Best Practice: Multi-AZ & High-Availability-Architektur

Kontext

Eine Availability Zone (AZ) ist ein physisch isoliertes Rechenzentrum innerhalb einer Region. AZ-Ausfälle sind die häufigsten cloud-infrastrukturellen Ereignisse und betreffen mehrmals jährlich Produktionssysteme. Ein Service, der in einer einzigen AZ deployed ist, erleidet während eines AZ-Ereignisses einen vollständigen Ausfall.

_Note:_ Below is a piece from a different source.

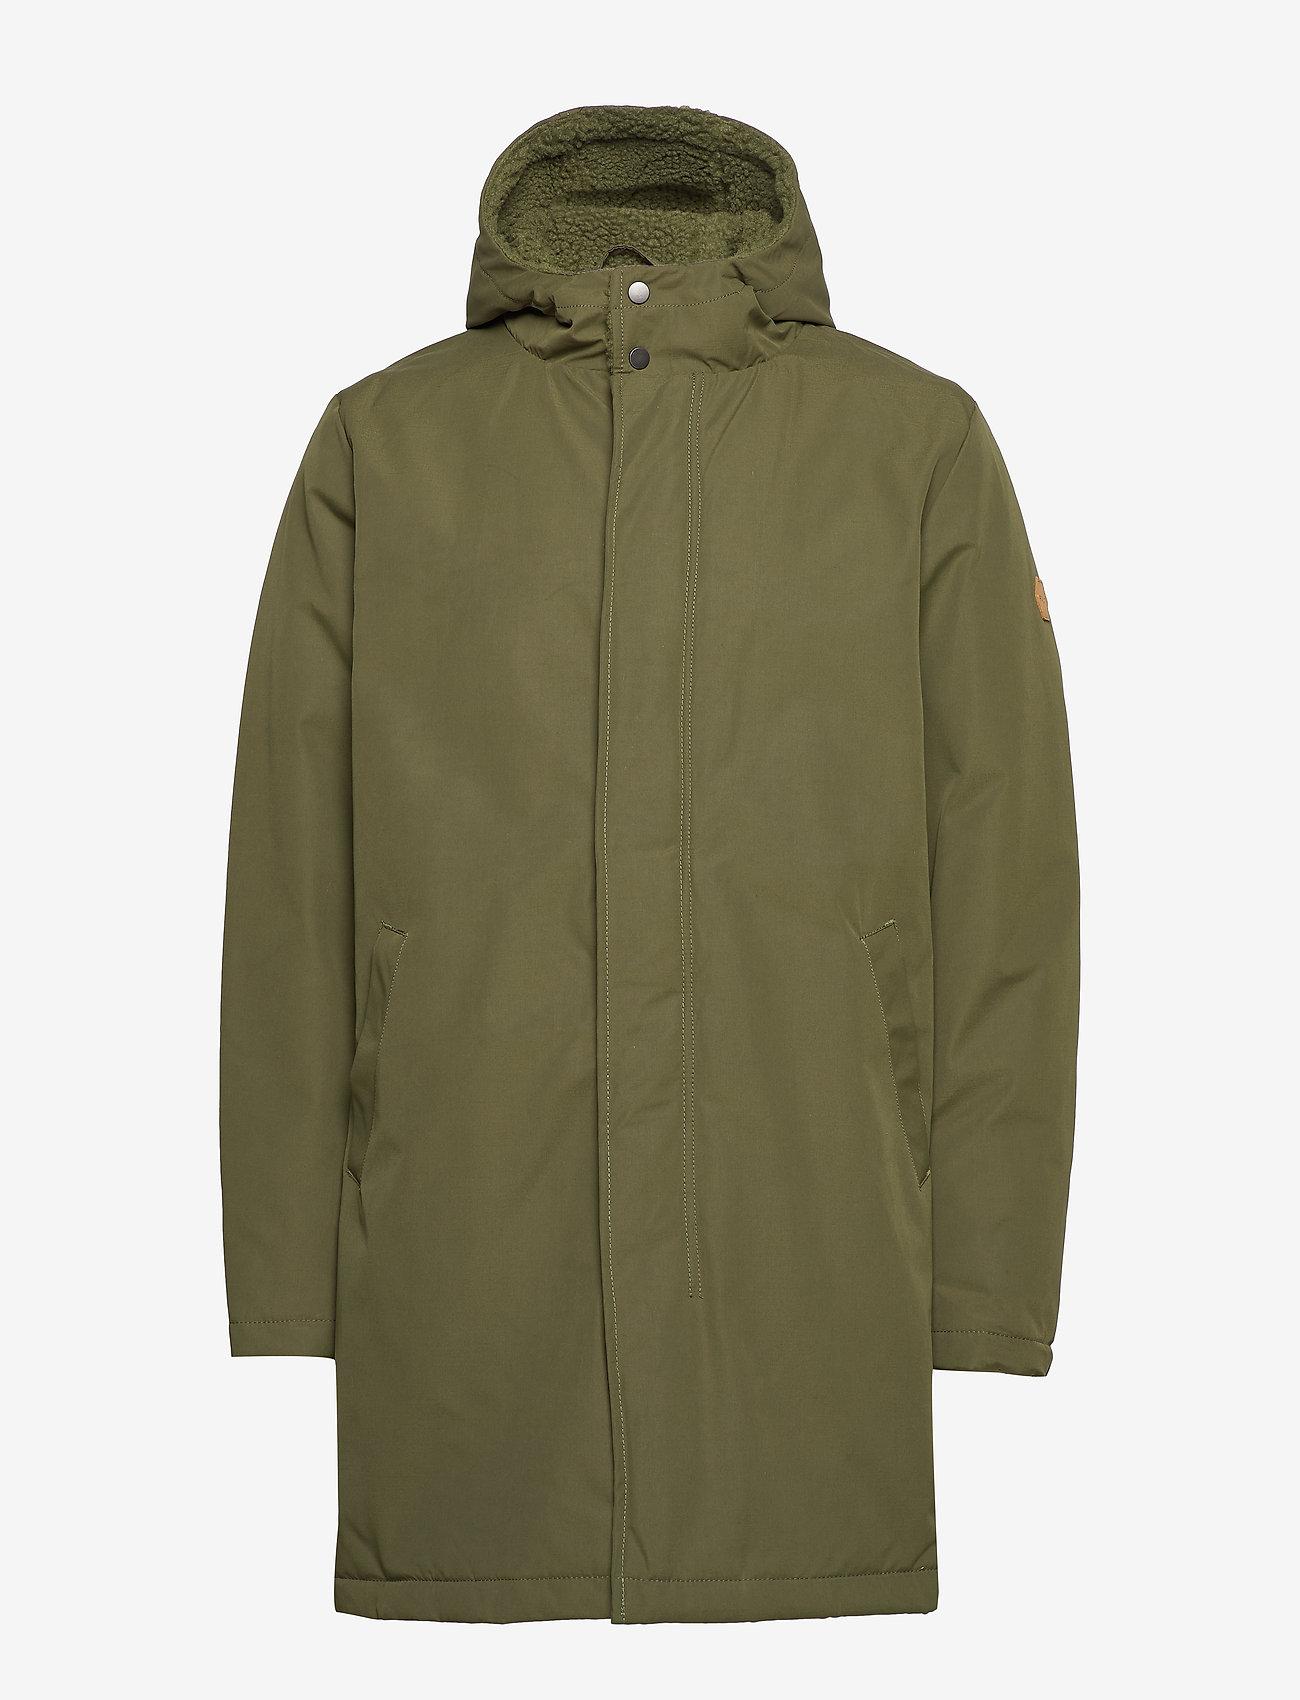 Rvlt Parka Jacket - Jackets & Coats

Häufige Probleme ohne Multi-AZ-Konfiguration:

RDS Single-AZ: Bei AZ-Ausfall mehrere Minuten bis Stunden nicht erreichbar
Single-AZ Compute: Bei AZ-Ausfall alle Instanzen gleichzeitig ausgefallen
Kubernetes ohne Pod Topology Spread: Alle Pods enden in derselben AZ

Zugehörige Controls

WAF-REL-030 – Multi-AZ High Availability Deployment

Zielbild

Jeder Produktions-Stack deployed über mindestens 2 AZs:

Compute: Auto Scaling Group oder Kubernetes mit AZ-Verteilung
Datenbank: Multi-AZ mit automatischem Failover
Cache: Multi-AZ Replication Group
Load Balancer: Subnets in min. 2 AZs

Technische Umsetzung

AWS: Multi-AZ RDS + Auto Scaling Group

# Subnet Group über 3 AZs
resource "aws_db_subnet_group" "main" {
  name       = "payment-db-subnet-group"
  subnet_ids = [
    aws_subnet.private_az1.id,
    aws_subnet.private_az2.id,
    aws_subnet.private_az3.id,
  ]
  tags = var.mandatory_tags
}

# Multi-AZ RDS
resource "aws_db_instance" "main" {
  identifier             = "payment-db-prod"
  engine                 = "postgres"
  engine_version         = "15.4"
  instance_class         = "db.t3.medium"
  allocated_storage      = 100
  storage_type           = "gp3"
  multi_az               = true        # Automatisches Failover in < 2 Minuten
  db_subnet_group_name   = aws_db_subnet_group.main.name
  backup_retention_period = 14
  deletion_protection    = true
  tags                   = var.mandatory_tags
}

# Auto Scaling Group über 2 AZs
resource "aws_autoscaling_group" "api" {
  name               = "payment-api-asg"
  min_size           = 2    # Mindestens 1 pro AZ
  max_size           = 10
  desired_capacity   = 2
  vpc_zone_identifier = [
    aws_subnet.private_az1.id,
    aws_subnet.private_az2.id,
  ]
  target_group_arns = [aws_lb_target_group.api.arn]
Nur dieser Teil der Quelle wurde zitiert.